Inheriting the Earth
“[Call of the Reed Warbler is] the single most important book on agriculture today.—Paul Hawken
Charles Massy is a visionary Australian farmer and the author of Call of the Reed Warbler. He was awarded an Order of Australia Medal for his service as chair and director of a number of research organizations and statutory wool boards. He has also served on national and international review panels in sheep and wool research and development and genomics.
In this excerpt from his book, Massy writes about his epiphany about the importance of his farm’s underlying ecology. It has been adapted for the web.
When my father suffered a major heart attack, I made the decision at the age of twenty-two to return home, take over the farm and finish university part-time.
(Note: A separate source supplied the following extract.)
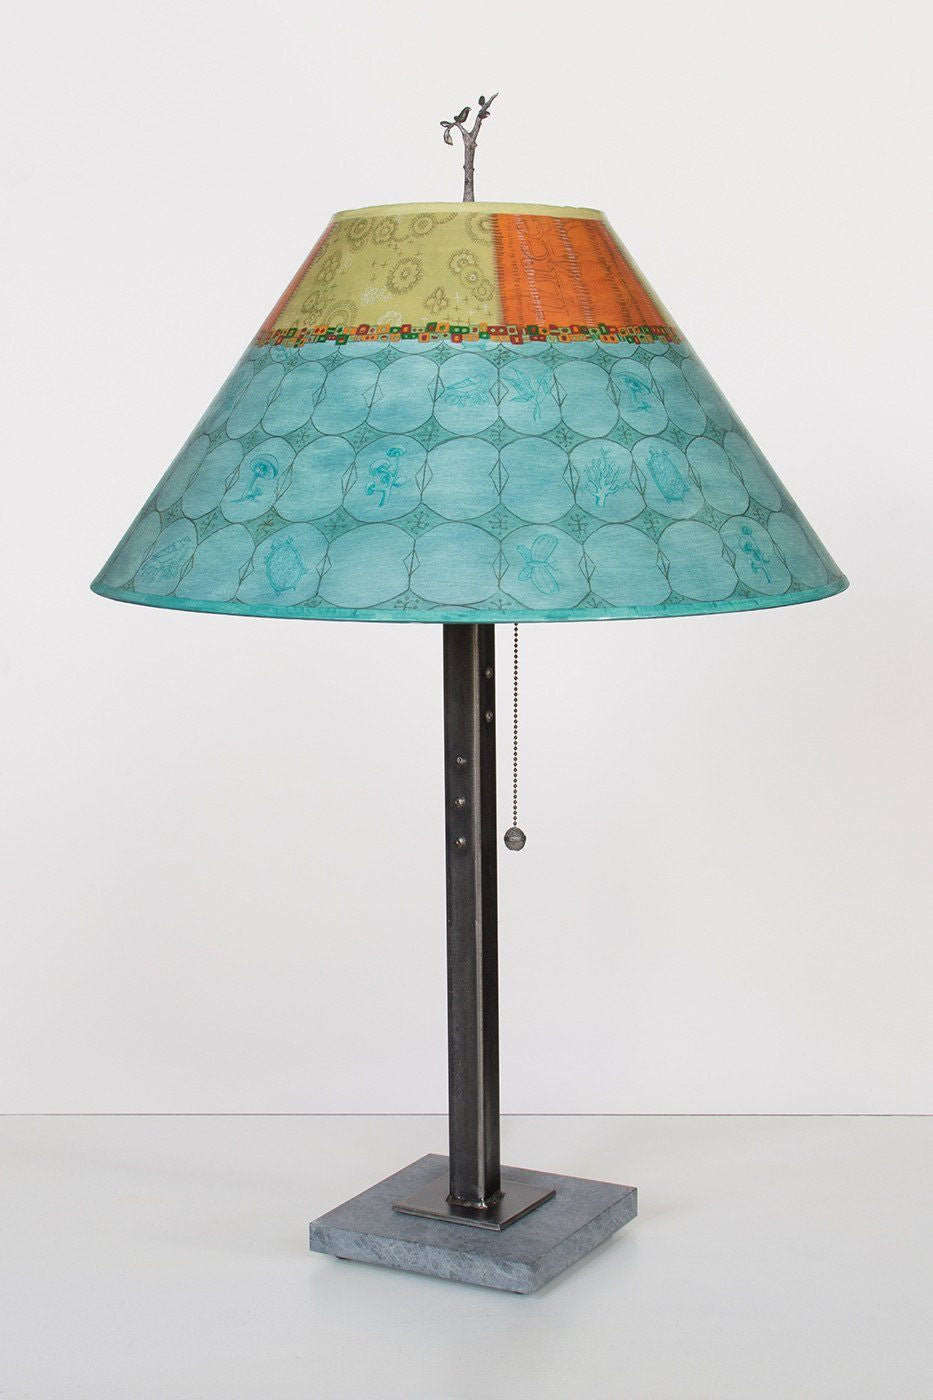 Steel Table Lamp on Italian Marble with Large Conical Shade in Paradise Pool

Thus began a forty-year land-management journey. On returning home, I continue developing my interest in birds, mammals and other creatures. However, at the same time I seemed to live a schizoid life. I was quite ignorant about the rest of the insect world, not to mention the arthropod and underground microbial world. In fact, concerning the latter, invisible world, I lived as if it didn’t exist.
Yet this underground component constituted ninety percent of life on the farm. Even more alarming was my ignorance about the vastly more obvious plant world: the very system on which our farming landscape was founded.
Yes, I knew most of the exotic trees and a gum tree or two, and I knew most of our introduced exotic pastures, but I could barely name more than one or two native grasses beyond the most obvious one called ‘corkscrew’ (Austrostipa scabra),and this mainly because corkscrew’s seed penetrated both sheep’s skin and woolen socks just before Christmas.
That is, when it came to farming, I had somehow compartmentalised my keen interest in nature to consider only a few obvious and attractive components. To the rest, I was effectively blind.
Then, one day after a decade or so of management, I was confronted by this blindness. I remember setting off mustering on a horse, my two kelpie sheep dogs trotting behind as we meandered along a two-wheel track through open granite country. This country had once been grassy woodland, and would then have comprised a dominant but scattered canopy of snow gum, candle bark and ribbon gum, plus large blackwood hickories; a scattering of understorey shrubs and forbs; and then diverse native grassland. After earlier phases of clearing, ringbarking, and then more recently set-stocked grazing, all that remained on this day as I mustered were a few dead grey stumps and the odd silver wattle or hickory surviving high up between granite tors and out of the reach of sheep and cattle.
So it was, therefore, puzzling that, as I rode along, I suddenly noticed the strong, sweet smell of what I was convinced was snow-gum blossom. I stopped the horse and looked around, but there wasn’t a snow gum in sight. Intrigued, I circled the horse in a wide arc. Still no snow gums, but the strong blossom scent seemed to come from near a clump of rocks. The only living thing, which partly covered these boulders, was a nondescript dark-green bush that I had barely taken account of previously.
Dismounting, I walked over to the bush. It was perhaps a metre high and shaped like a dome, while roughly circular and around two to three metres in diameter. It was entirely covered in rigid thorns, which were surrounded and interlaced by very small green leaves, perhaps the size of a small pea. Later on, I would learn that the combination of thorns and small leaves was an adaptive defence by some plants to grazing in landscapes. Dating back possibly millions of years, the plants and grazing animals (in this case, mainly kangaroos, wallabies, potoroos and so on)had co-evolved.
But at that moment, I was intrigued by this nondescript bush because when I bent down, I discovered that it was the source of the overpowering honey-blossom scent. And yes, there, of the most delicate size and shape, were a myriad of little, bell-like pale-yellow flowers hanging upside down within their protective screen of thorns. Clearly the strong, rich honey scent had a purpose, because surrounding the flowers were small native bees, flies, and bright-orange parasitic wasps.
On looking up my reference books, I quickly discovered this nondescript plant was called a tree violet (Hymenantheradentata), otherwise known locally as a gruggly bush. But I did not recognise its importance to an ecosystem nor what its strong scent and attendant insects implied for ecological function. I had been blind to this bush, and it would take time for the blindfold to be fully removed. But I have never forgotten that day, and for me our gruggly bushes are emblematic both of what was lost and also of what could be.
As I travelled further on my journey of ecological literacy, I came to realise the significance of ‘gruggly’ and a myriad of species like it in the vast range of ecosystems across our continent. It is the ‘un-seen’ elements such as gruggly bushes and blackthorn shrubs that provide vital food for animals and insects in a functioning ecosystem. And, suddenly and unbidden, those radical words from the Gospel of Matthew came to mind: Blessed are the meek, for they will inherit the earth.